-- Source data follows --
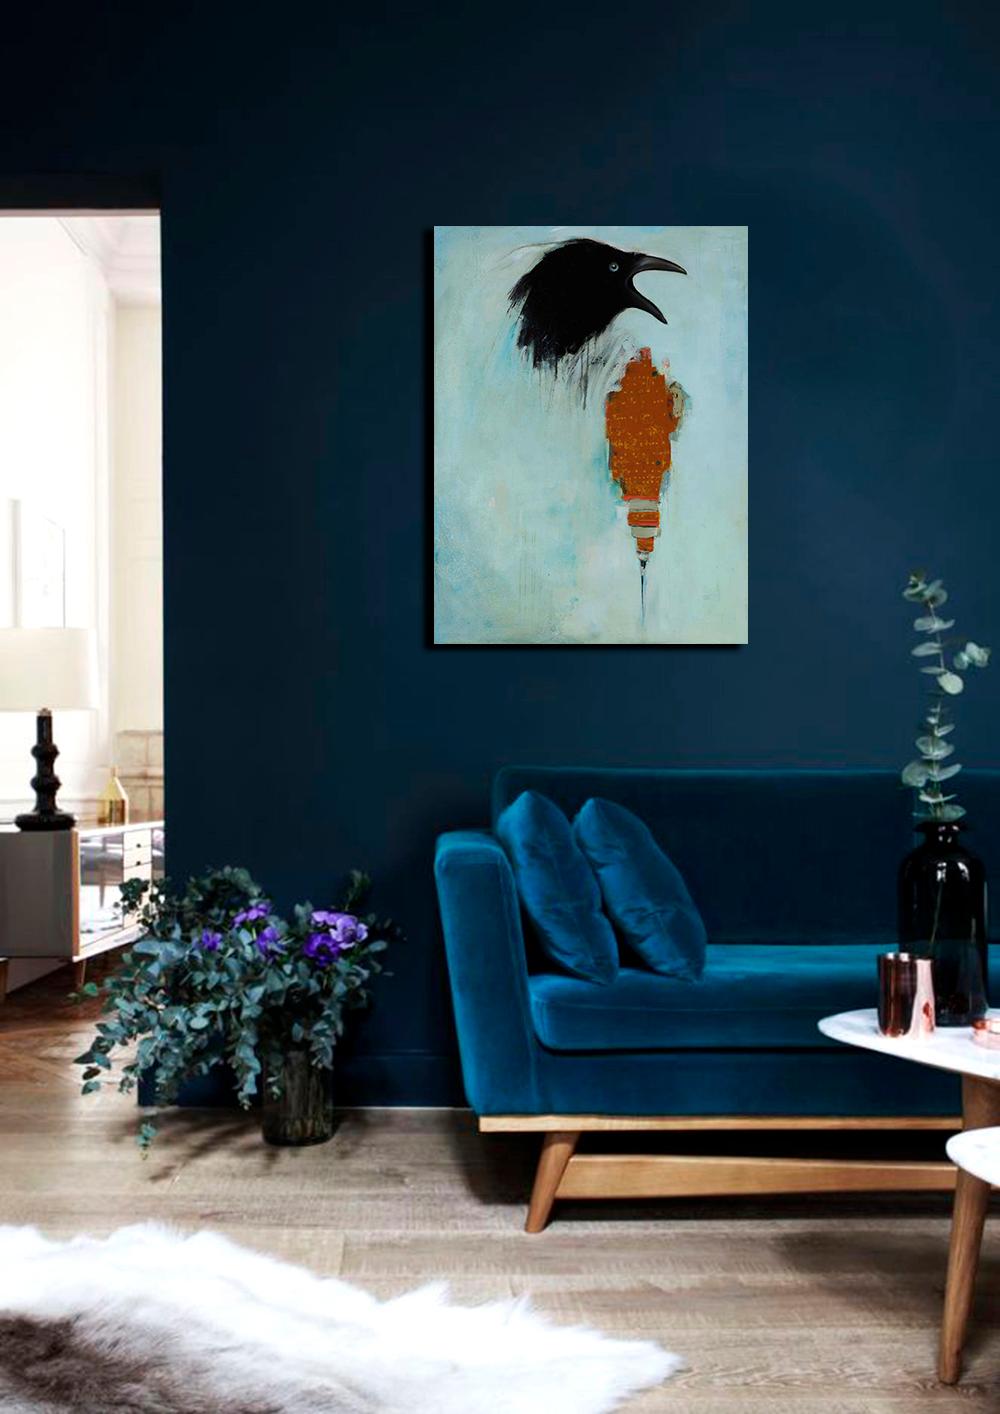 Go Dolphin Home, animal abstract painting, oil on canvas, blue with black bird - Painting by Michele Mikesell
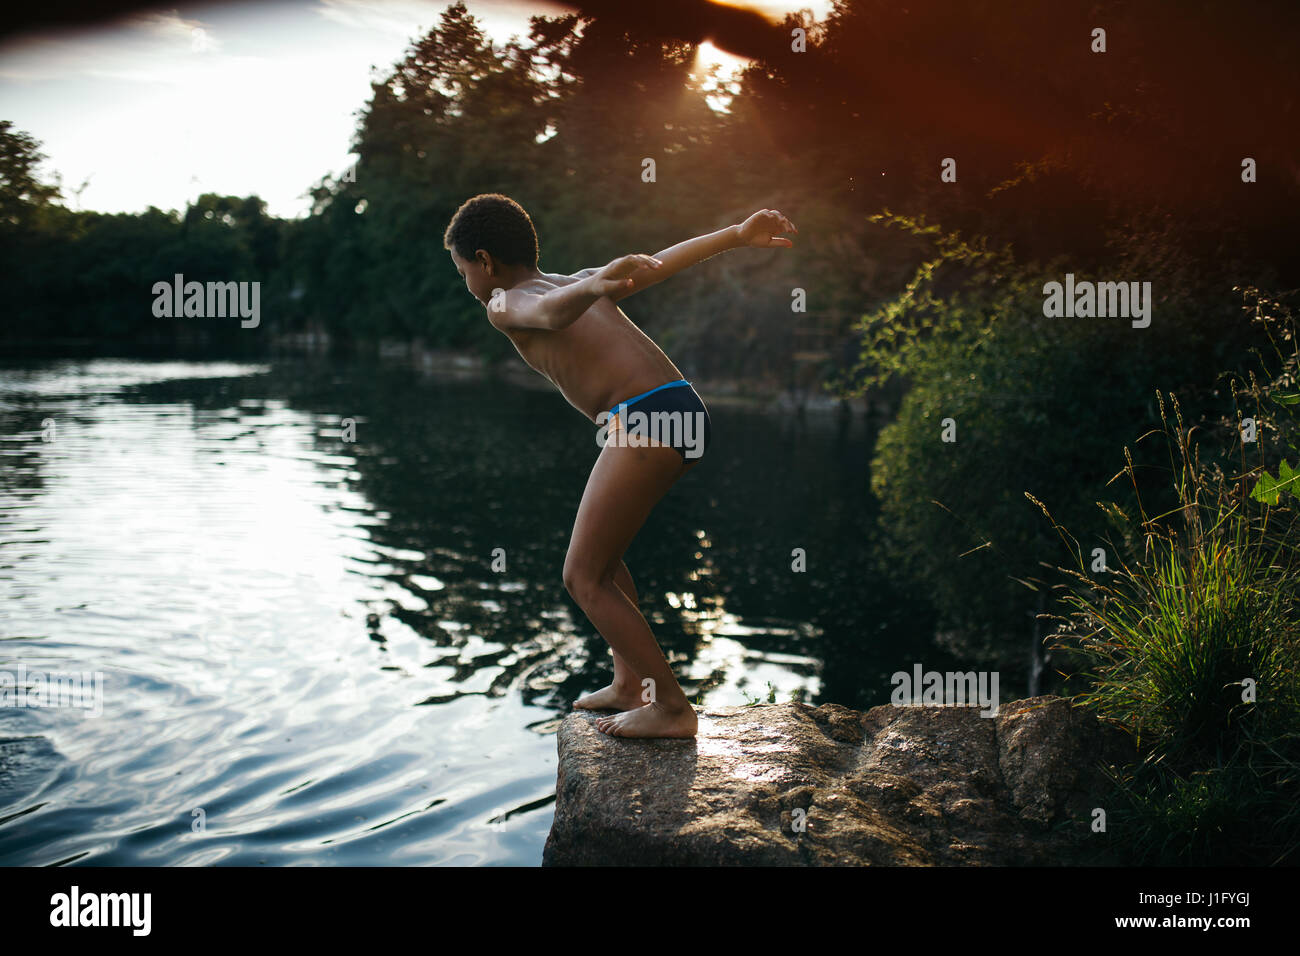 Boy jumping off the cliff into a lake during sunset Stock Photo
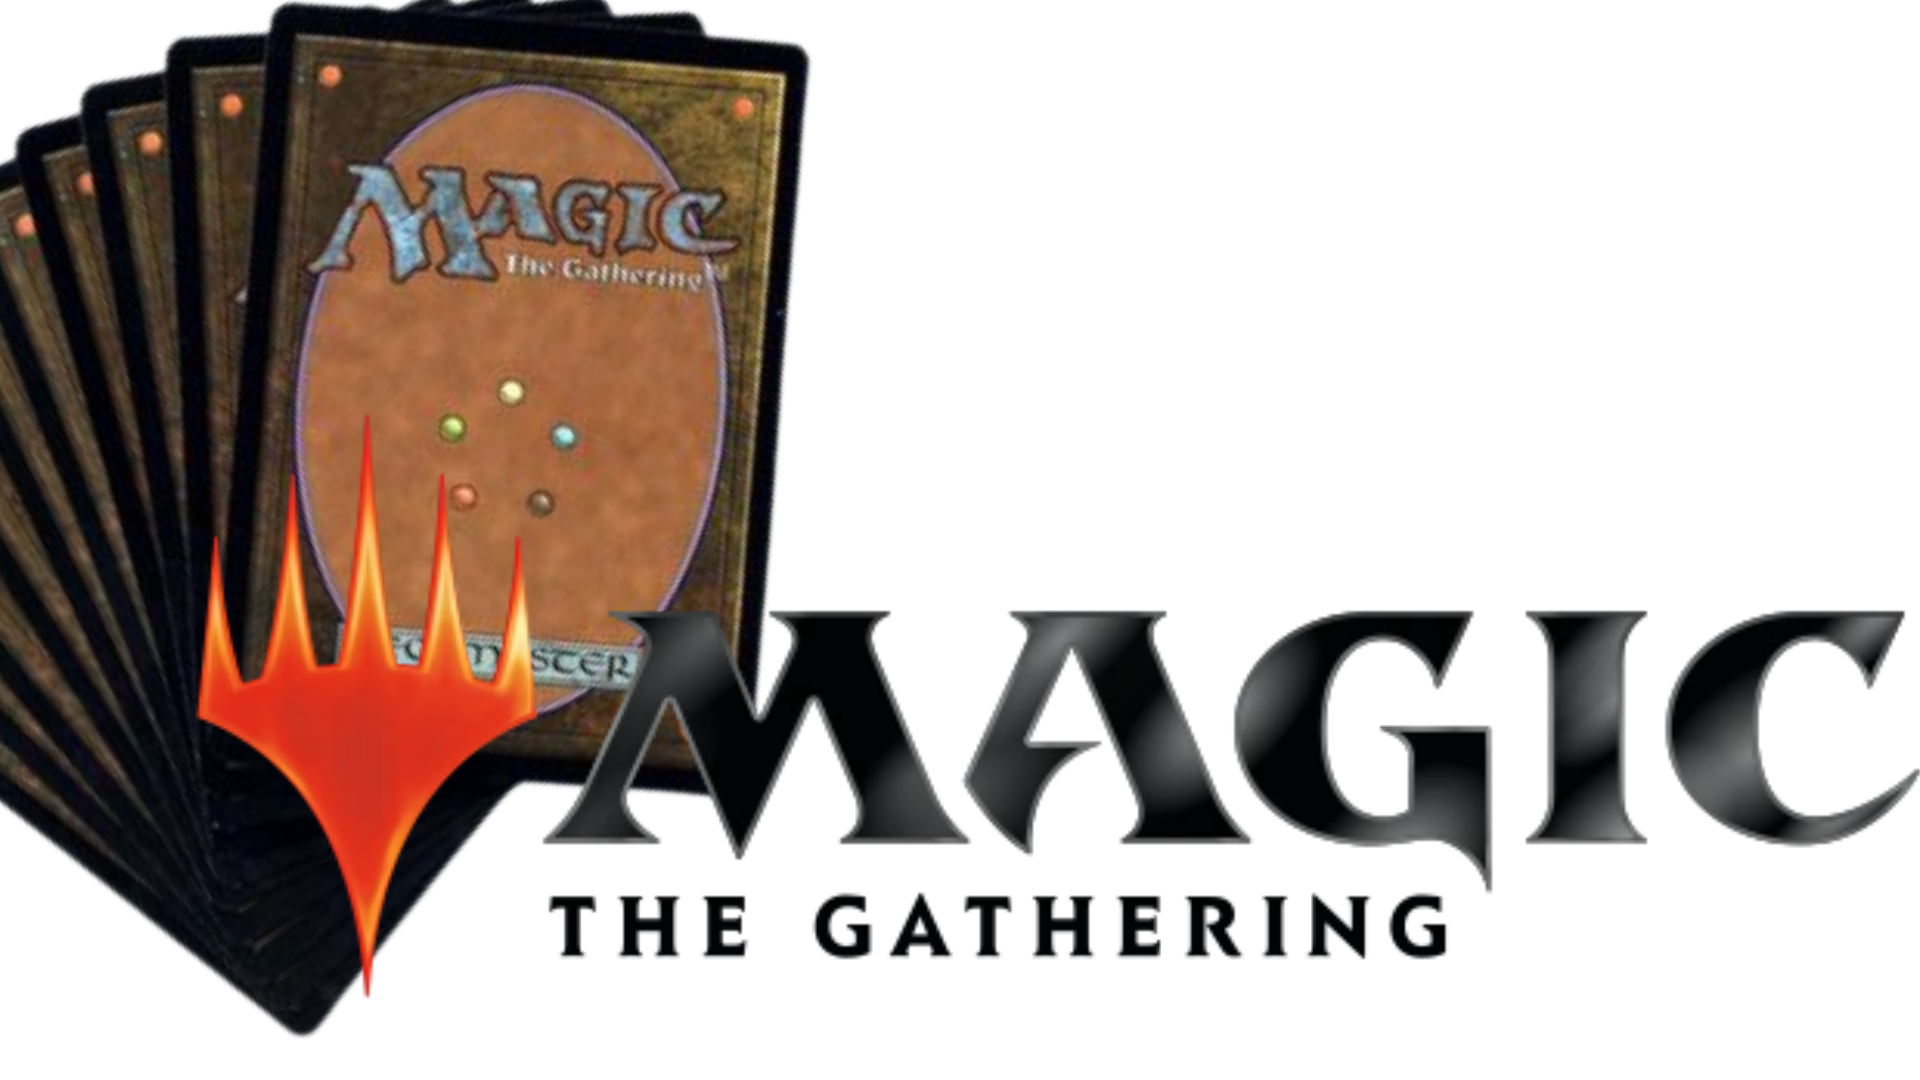 image of Magic cards with the words "Magic: the Gathering" icon
-- Source data concluded --
### Exercise instructions
Reproduce the data above word for word, but leave the images out.

### Expected output
 Go Dolphin Home, animal abstract painting, oil on canvas, blue with black bird - Painting by Michele Mikesell
 Boy jumping off the cliff into a lake during sunset Stock Photo
 image of Magic cards with the words "Magic: the Gathering" icon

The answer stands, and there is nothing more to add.